Оказывается, началась вся эта канитель еще вон когда. После смерти дедушки Ераса на пасеке перебывало охотников до легкой жизни много, да то в пчеловодстве не разбирались, то просто не выдерживали: летом догляд да уход нужен — не отлучись, а зимой тоже не проще: пчел подкармливать надо, рамки и улья мастерить, вощинку прессовать — все самому! А иные в запой ударялись, бражку-медовуху гнали и хлестали, не просыпаясь от пьянок. А Вовка был в армии, отслужил и больше года шоферил в городе, думали, уж так в городе и останется. И вдруг является. «Что, — говорит, — слыхал я, ухайдакали пасеку-то дедушки Ераса?» «Ухайдакали...» «А мне, — говорит, — доверяете? Хочу возродить ее в прежнем виде! Да не с панталыку я сбился, в своем, мол, уме и прошу послать меня на курсы пчеловодов!..» Ну, правление и решило: послать на курсы. Съездил. Вернулся и первым делом увел от Леньки Куприхина свою зазнобу, Любаху Паньшину, которая ждала его из армии не год и не два — четыре года матросской службы, но как стало известно, что осел демобилизованный моряк в Истринске, до Попереченки не доехал, — в тот же месяц вышла за Леньку, не попавшего на службу по болезни и все эти годы увивавшегося за Любой. Назло Володьке, надо понимать, вышла... Ну, переехали они с Володькой на пасеку, отремонтировал ее новоиспеченный пасечник дом для зимнего жилья (после дедушки Ераса ни один не зимовал на Мяконьком, обходились наездами из деревни). Через год Люба родила мальчонку, внука Фросе, а Вовка собрал более десятка роев в старый роевник дедушки Ераса.
Еще через год появился второй сын, а Вовка сдал в колхоз четыре тонны меда — почти в полтора раза больше плана.
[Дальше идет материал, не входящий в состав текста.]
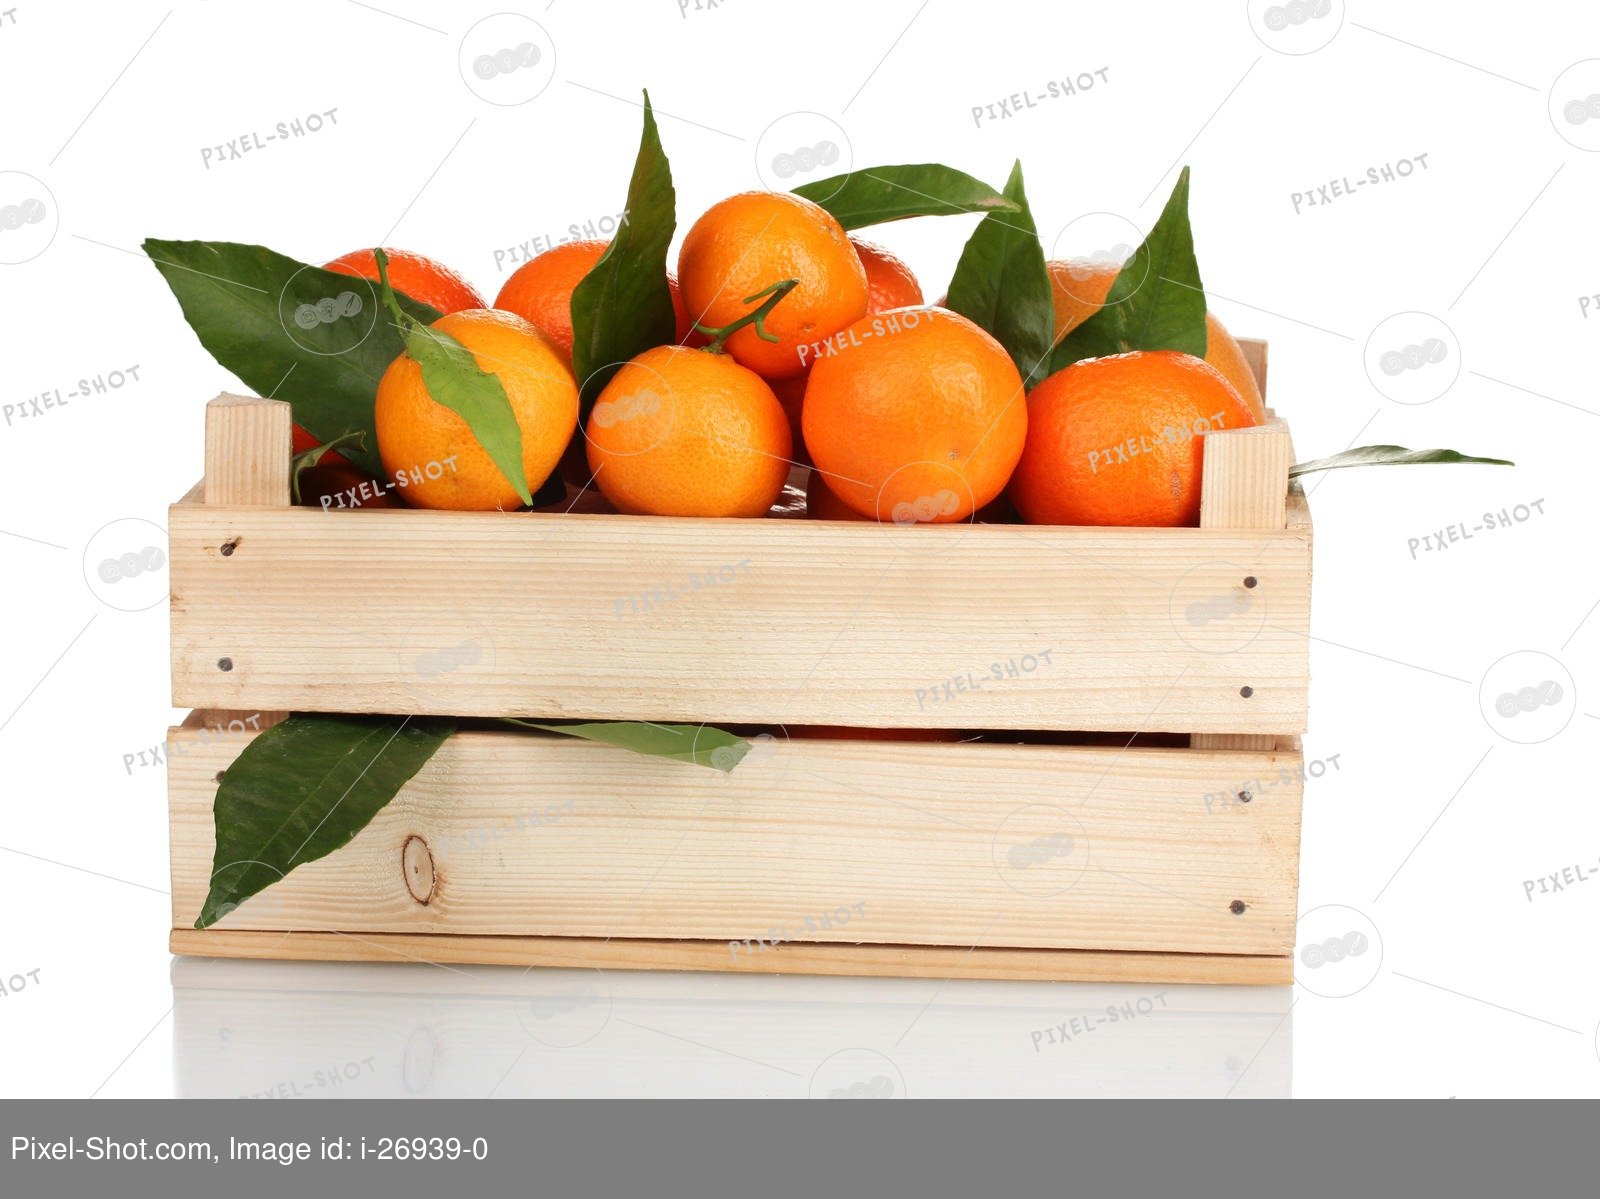 В пакете лежат мандарины. Ящик с апельсинами. Деревянный ящик с мандаринами. Деревянный ящик с апельсинами. Коробка с апельсинами.

И вдруг, как гром средь ясного неба, Вовка тетки Проськи ворует в колхозе зерно!
На исходе ночи, когда в деревне начинают горланить первые петухи и сон свинцово смеживает веки, комбайнеры, погасив фары и заглушив моторы, вздремывают на полчаса, не больше — до того момента, когда начнет развидняться и сонливость как бы поотпустит немного. В эти-то полчаса кто-то верхом на лошади успевал бесшумной тенью подъехать к одному из комбайнов, нагрести пшенички в переметные сумы и благополучно отъехать. Замечали мазурика чаще всего в тот момент, когда дело им уже было сделано — пшеница в сумах, сумы на лошади, сам мазурик в седле. Иные со сна, сгоряча, схватив гаечный ключ, с матом кидались вслед за всадником — но куда там! Для острастки стреляя вверх из двустволки, всадник пускал свою лошадь галопом и скрывался в ближайшем ельнике. Устраивали засады, но ночной мазурик то ли всегда был осведомлен, то ли чутьем угадывал, к какому комбайну не стоит сегодня соваться, — всякий раз уходил, полоша ночь выстрелами. И единственной уликой было — след просыпанной пшеницы (вроде как ручейком стекала из прорванного угла сумы), ведший по проселку в сторону Володькиной пасеки...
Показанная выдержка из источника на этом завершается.